Puddles the clown swims gracefully in the terrifying wake of the Juggalos

Wednesday 01st, March 2017 / 19:36
By Graeme Wiggins


VANCOUVER – There’s an old Saturday Night Live skit that popularized the distinction between things that are “funny ha-ha” and things that are “funny strange.” Things that are “funny ha-ha” are things like comic strips and practical jokes, while things that are “funny strange” are things that are just odd, or absurd on the face of it. Puddles the clown, visiting Vancouver on his Puddles Pity Party tour, falls under the latter category. He’s a seven-foot-tall, sad-looking clown with a beautiful voice whose cover of Lorde’s “Royals” made him YouTube famous, and now he tours the world singing his unique takes on songs and confounding expectations.

The fact that many people experience coulrophobia (a fear of clowns) makes the idea of a touring clown musical act hard for some to get behind. But Puddles’ act is welcoming, and his gentle personality makes the whole thing palatable. In his words, “Every now and then, I’ll meet someone who says they’re afraid of clowns. But once they see my show, they relax and realize that clowns are just like apples. And one rotten apple doesn’t mean that all apples are rotten. Most apples are tasty and sweet. I’m a sweet apple.”

Skepticism is an understandable feeling. Today’s society is a guarded one, making it difficult to open oneself up and authentically take in an experience that might at first seem ironic in nature. Puddles understands this and tries to work towards breaking that concern’s hold on people. As he describes, “It’s easy to get stuck in cynicism and skepticism these days. Maybe it’s from being hurt and trying to defend against being hurt again. My mee-maw used to say, ‘Life is just a series of disappointments.’ And that may be true. But in the between times, there are some glimmers of joy. You just have to leave yourself open. Open to the disappointments and open to the joyful surprises.”

Clowning is an ancient art, with some clowns requiring years of training to perfect their act. Despite being both a clown and blessed with a beautiful voice, Puddles’ training has been fairly limited. “I’ve never had any formal singing lessons.

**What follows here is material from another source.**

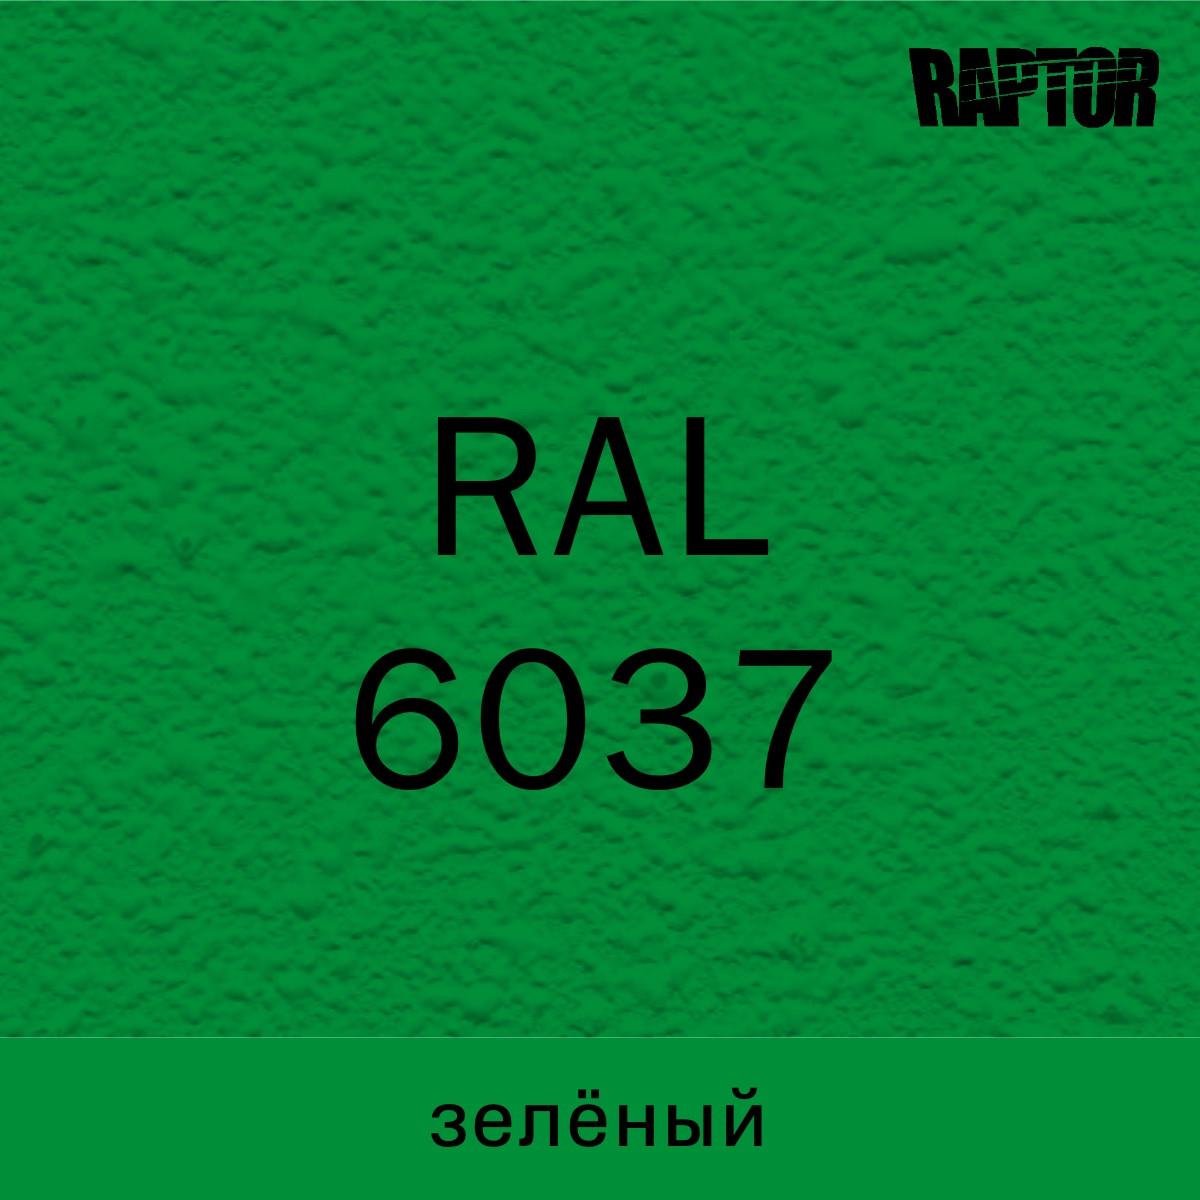 Пигмент для колеровки покрытия RAPTOR™ Зелёный (RAL 6037)

My mee-maw says I came out of the oven singing. Never had any formal training of any kind, really. I’m a big coffee drinker and once took a latte art class with my pal Stu. Does that count?”

So it might be time for Vancouverites to put aside their cynicism, embrace openness and check out Puddles Pity Party. You never know how it might change you. In his words, “It’s my first time in Vancouver. Vancouvians can expect a night of song and dance, sadness and joy and most of all, fellowship. Oh, and free Puddles cuddles after the show!